**ENTRIES SUPPLIED**
++++++++++++++++++++

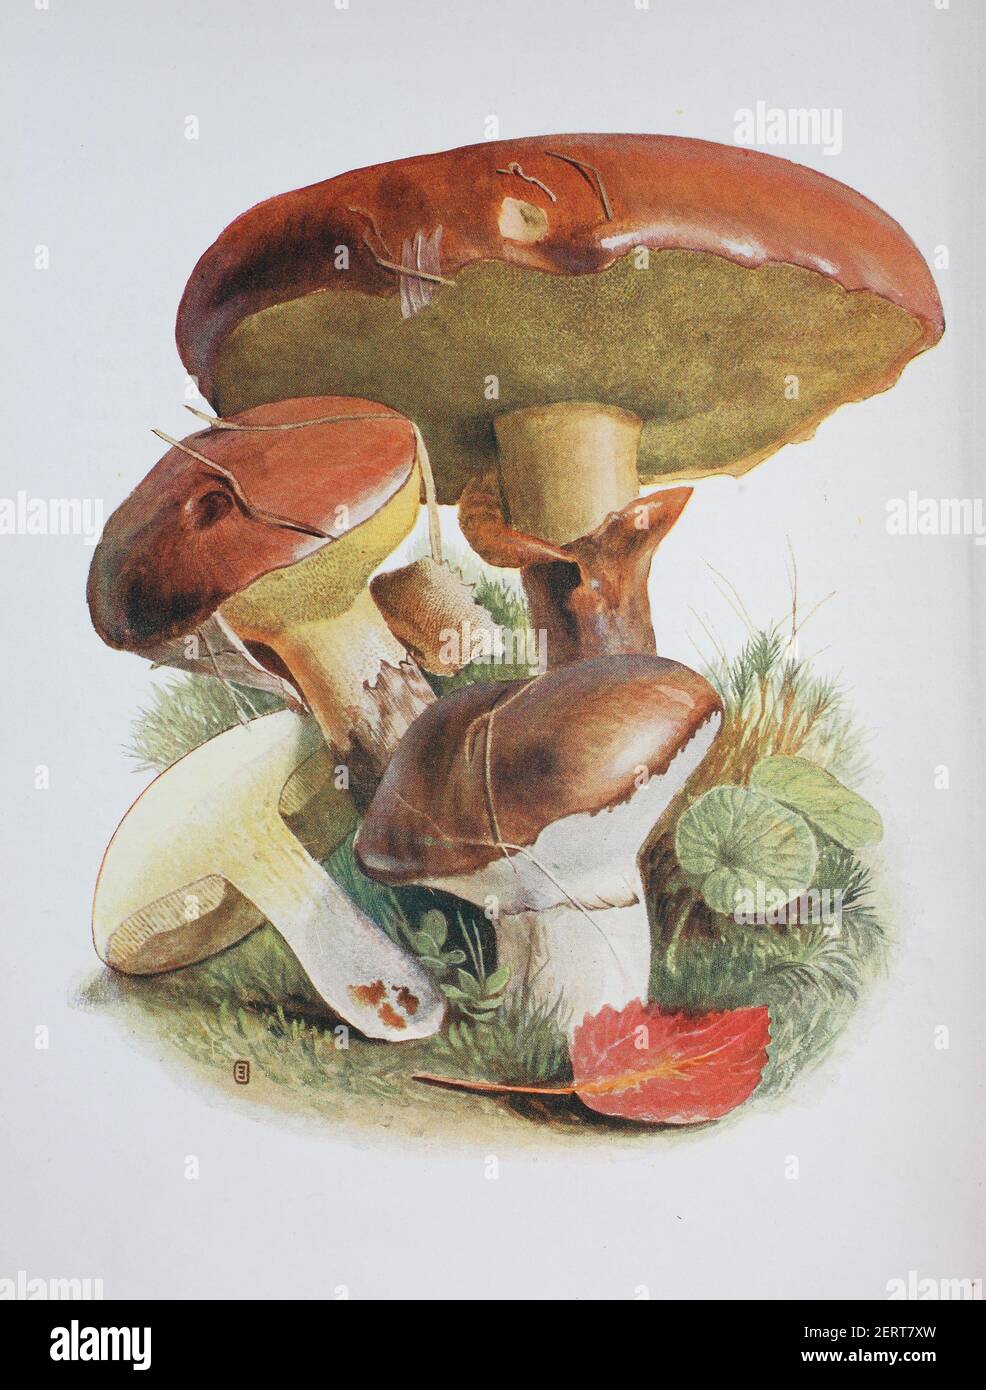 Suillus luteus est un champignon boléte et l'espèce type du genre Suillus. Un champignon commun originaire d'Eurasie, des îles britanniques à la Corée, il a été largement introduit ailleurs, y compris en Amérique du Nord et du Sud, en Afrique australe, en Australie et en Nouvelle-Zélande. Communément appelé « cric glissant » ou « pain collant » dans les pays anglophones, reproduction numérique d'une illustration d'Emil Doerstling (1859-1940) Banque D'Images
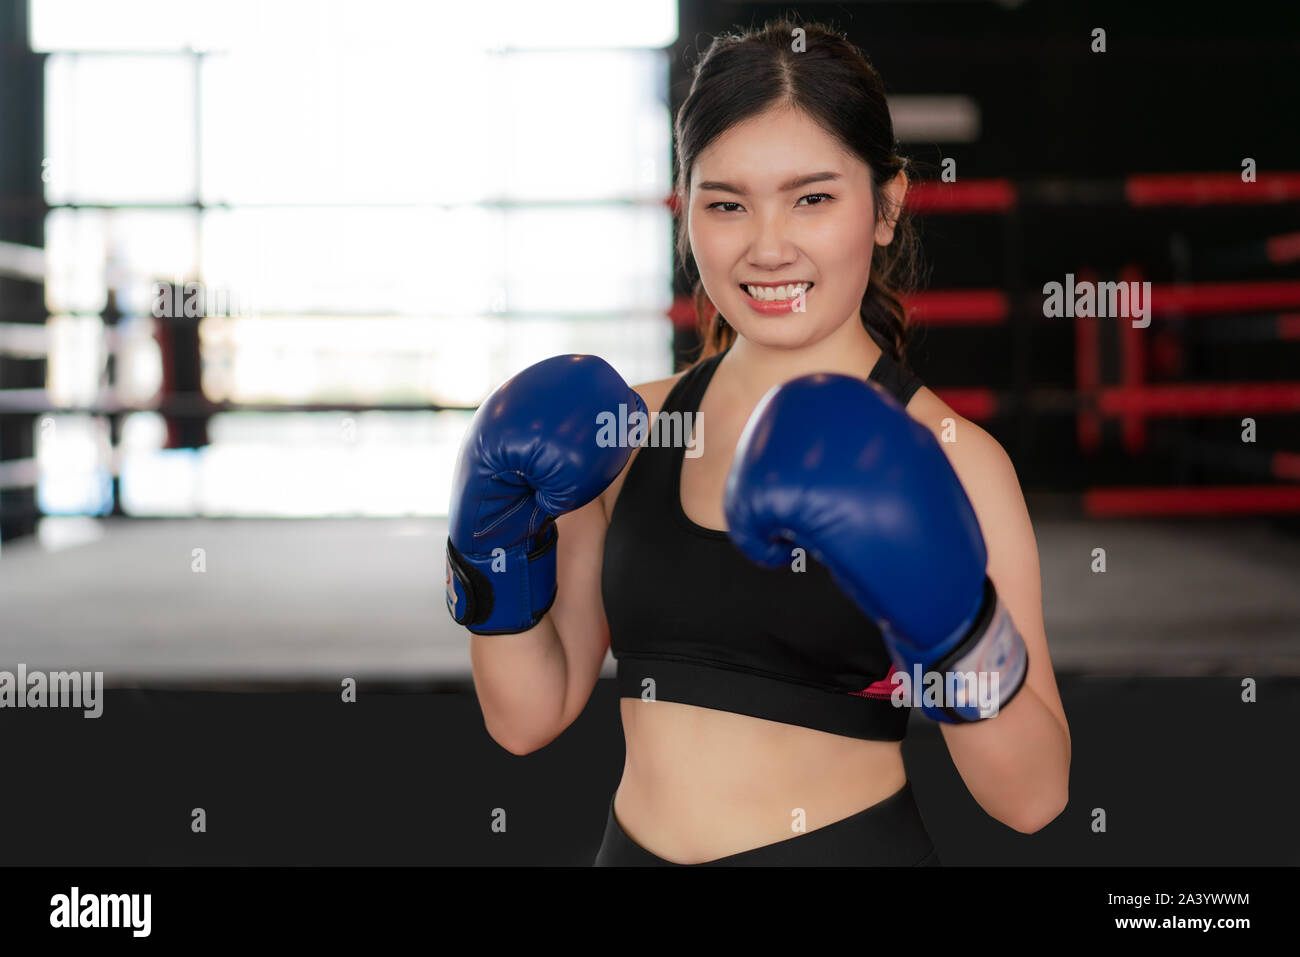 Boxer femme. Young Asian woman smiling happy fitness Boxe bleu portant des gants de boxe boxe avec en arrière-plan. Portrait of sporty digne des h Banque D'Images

++++++++++++++++++++

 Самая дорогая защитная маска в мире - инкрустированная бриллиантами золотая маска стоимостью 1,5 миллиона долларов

++++++++++++++++++++

Exactly the lines above, from the one containing "Suillus luteus est" down to the one containing "Boxer femme. Young", are to be repeated, including both ends. Pictures are not part of the copy.

 Suillus luteus est un champignon boléte et l'espèce type du genre Suillus. Un champignon commun originaire d'Eurasie, des îles britanniques à la Corée, il a été largement introduit ailleurs, y compris en Amérique du Nord et du Sud, en Afrique australe, en Australie et en Nouvelle-Zélande. Communément appelé « cric glissant » ou « pain collant » dans les pays anglophones, reproduction numérique d'une illustration d'Emil Doerstling (1859-1940) Banque D'Images
 Boxer femme. Young Asian woman smiling happy fitness Boxe bleu portant des gants de boxe boxe avec en arrière-plan. Portrait of sporty digne des h Banque D'Images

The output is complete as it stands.